For teams building access review features, compliance dashboards, or automated offboarding workflows, this architecture is the difference between shipping in weeks and shipping in years.
Next Steps for Your Integration Roadmap
Pulling user lists end-to-end across a highly fragmented SaaS ecosystem requires discipline. Relying on SCIM will leave you blind to shadow IT. Building point-to-point API connectors will drain your engineering resources and leave you managing a fragile web of OAuth tokens and custom pagination loops.
The practical next steps are straightforward:
- Audit your coverage gap. List every SaaS app your customers need user data from. Check which ones support SCIM, which offer a REST API, and which have no programmatic access at all.
- Evaluate whether a unified API covers your providers. No abstraction layer covers everything. Identify the gap between what is available out of the box and what you would need to build yourself.
- Prototype the extraction pipeline. Start with 3-5 high-priority providers, validate the schema mapping meets your needs, and test rate limit handling under realistic load.
- Design for incremental sync from day one. Full user list pulls are fine for initial loads. Ongoing syncs need to be incremental or you will burn through API rate limits and waste compute.
The identity sprawl problem is getting worse, not better. 46% of organizations struggle to monitor non-human identities, and 56% are concerned with over-privileged API access.

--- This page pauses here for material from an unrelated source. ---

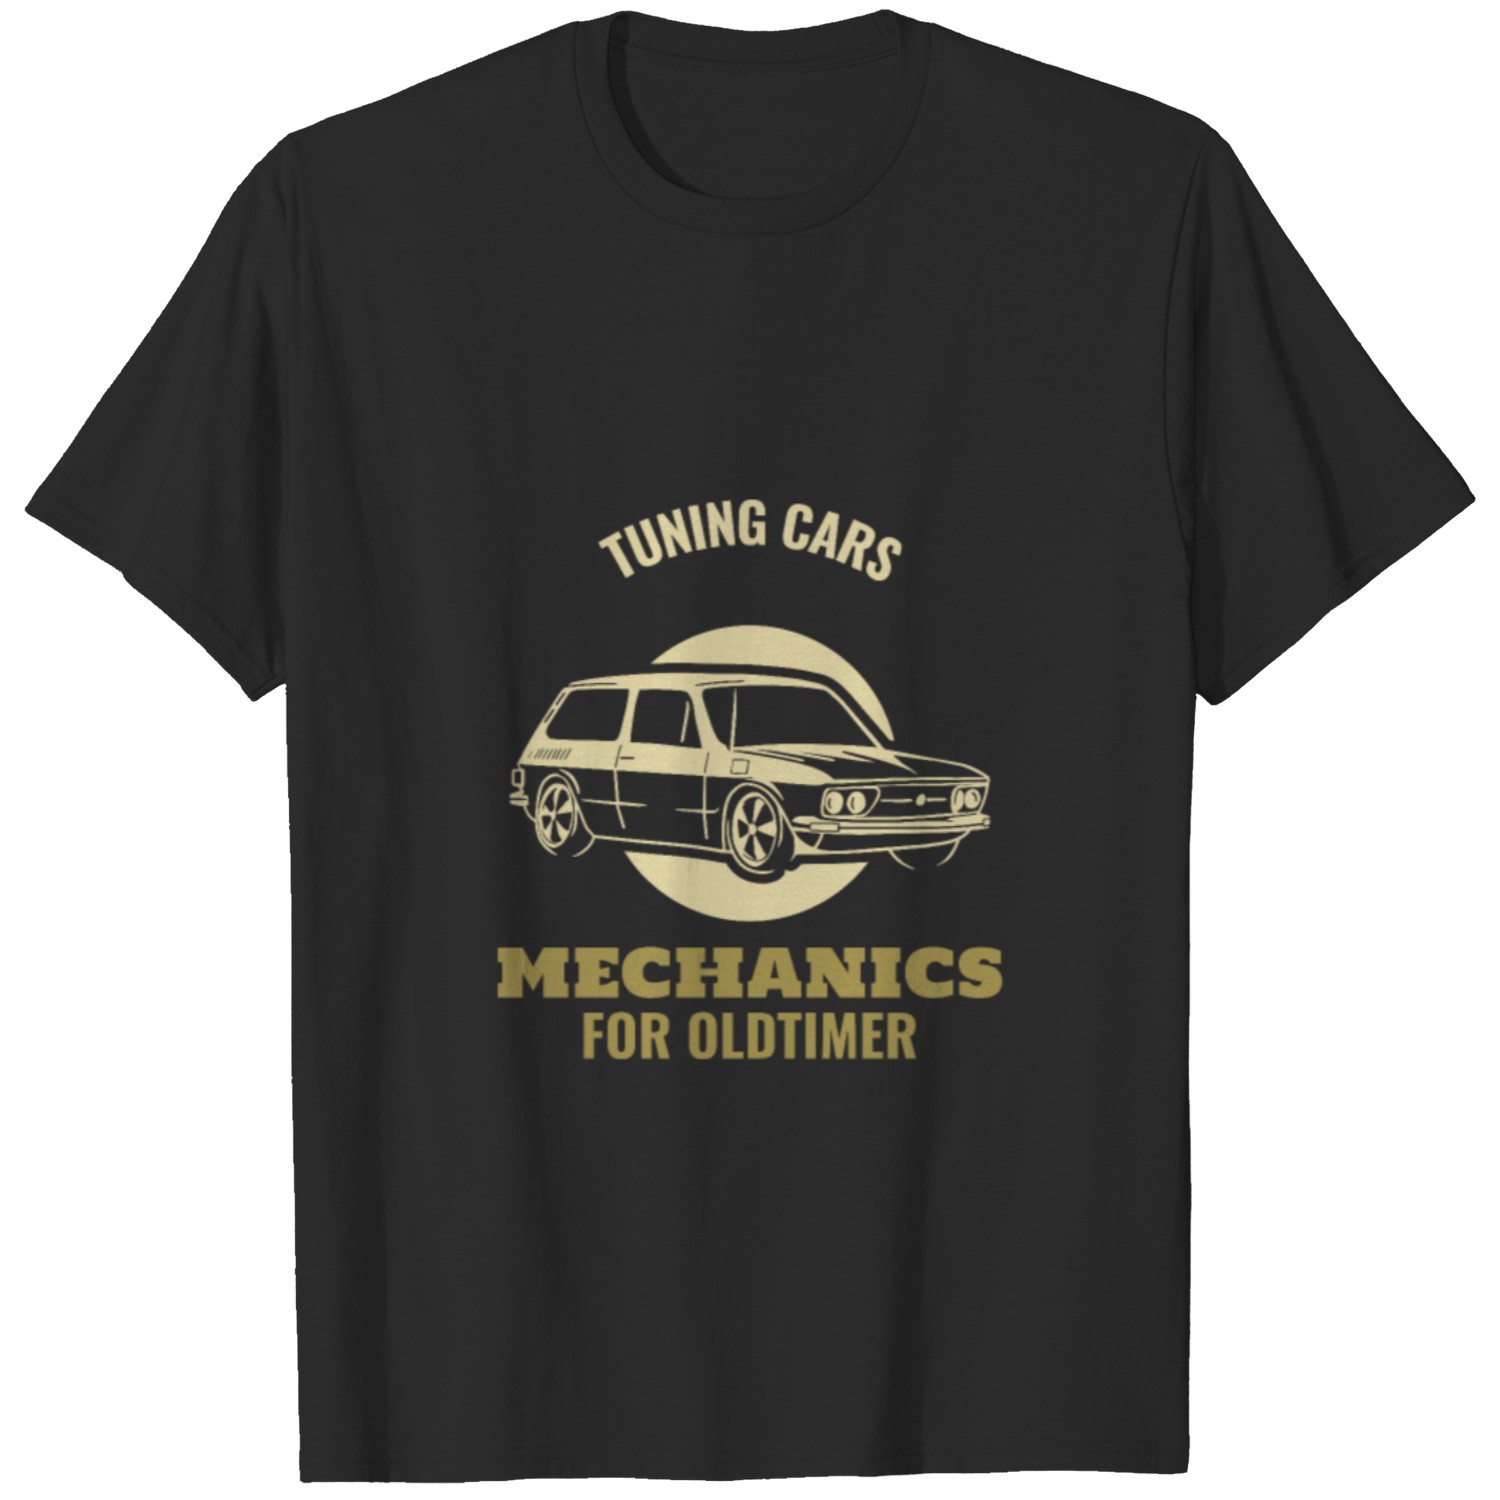 Tuning Cars - Mechanics for Oldtimer T-shirt

The companies that solve user visibility at scale will have a genuine competitive advantage - both as a product feature and as a security posture.

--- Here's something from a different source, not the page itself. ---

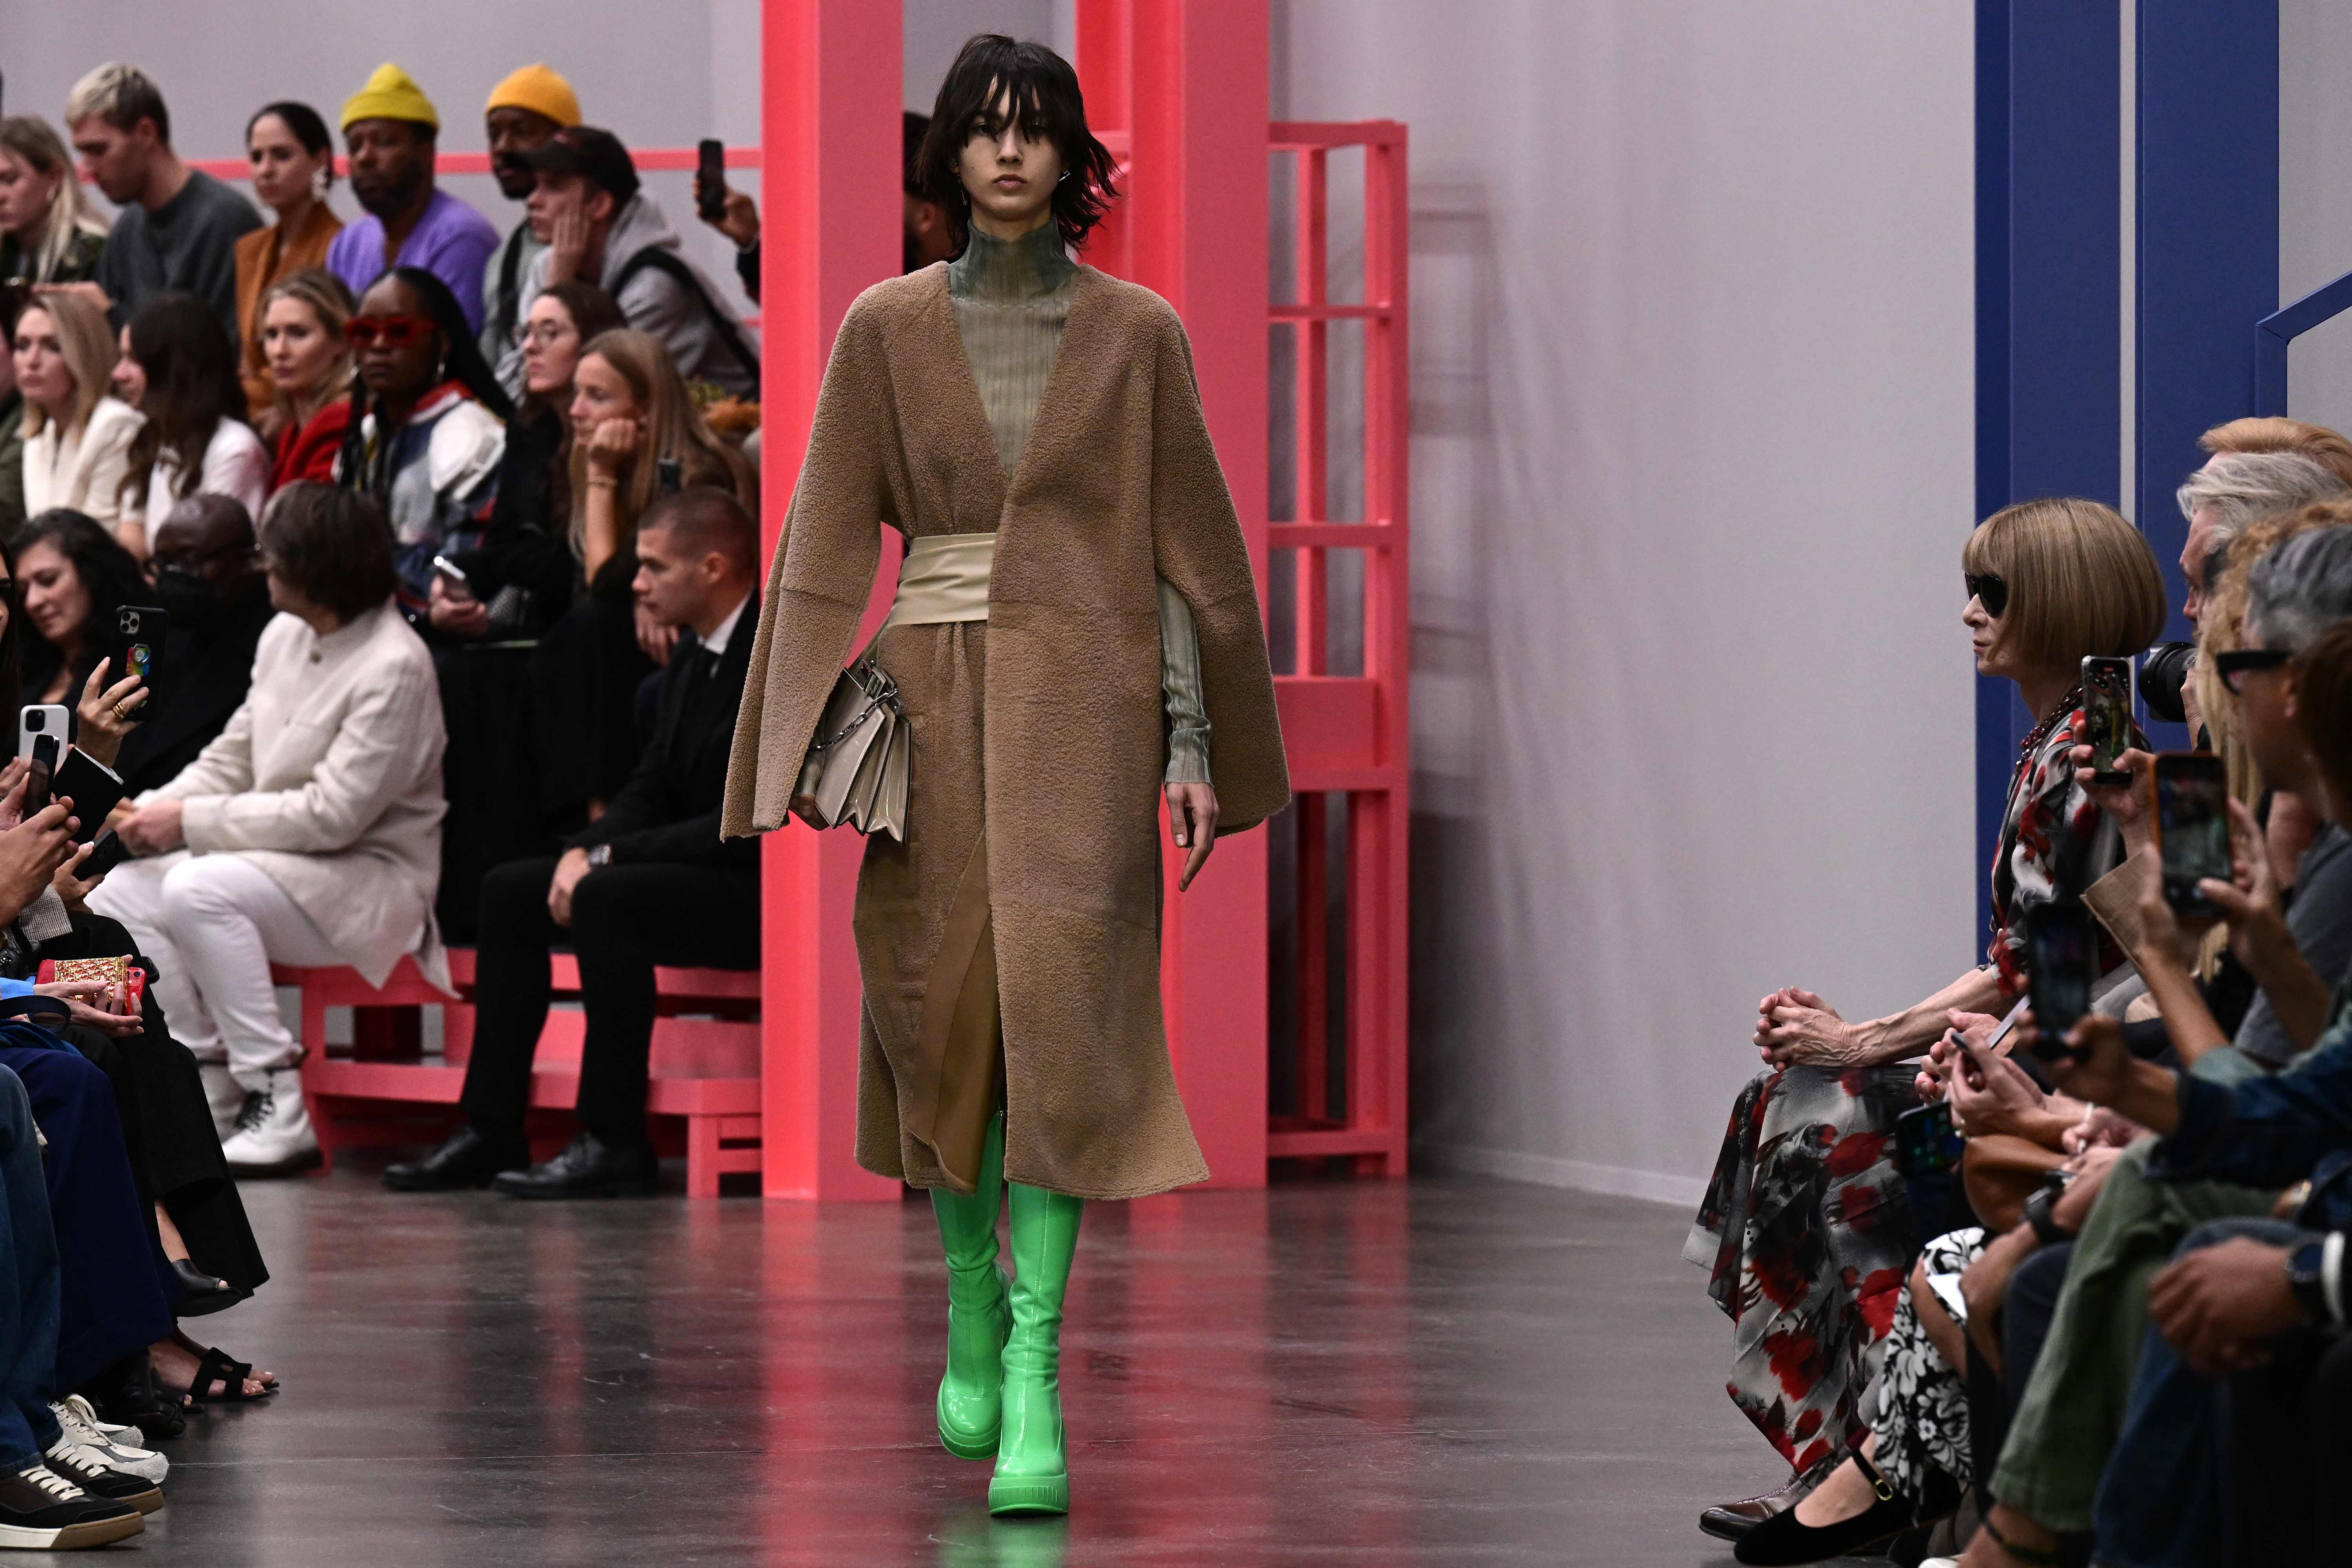 Designer Fashion Label Fendi Ditches Real Fur for Faux in Latest Fashion  Show

Stop writing bespoke API connectors. Standardize your data models, respect upstream rate limits, and focus your engineering cycles on the core value of your product.
FAQ
- Why is SCIM not enough for pulling user lists from SaaS apps?
- SCIM is a push-based provisioning protocol, not a pull-based audit protocol. It was designed to push user creates and updates from an IdP to a service provider, not to query existing access. It fails to capture shadow IT and manually created accounts, and is often gated behind expensive enterprise tiers.
- How do unified APIs handle different rate limits across SaaS platforms?
- A unified API normalizes upstream rate limit data into standardized IETF headers (ratelimit-limit, ratelimit-remaining, ratelimit-reset). The caller is responsible for reading these headers and implementing exponential backoff logic when receiving an HTTP 429 error.
- Do I need to write custom code to map disparate user endpoints?
- No. Modern unified APIs use declarative mapping (like JSONata) to transform diverse API responses into a single, predictable JSON object without requiring integration-specific code, while still preserving the raw provider payload.
- How do I handle different pagination types across multiple SaaS APIs?
- SaaS APIs use cursor-based, offset-based, link header, or page number pagination. A unified API normalizes these into a single cursor-based interface so your code uses one pagination pattern regardless of the upstream provider.
- How should I handle OAuth token expiration when extracting data?
- You should offload token management to a platform that autonomously handles the lifecycle. The platform schedules work ahead of token expiry to refresh tokens, allowing you to pass a static tenant ID instead of managing raw tokens and refresh logic in your database.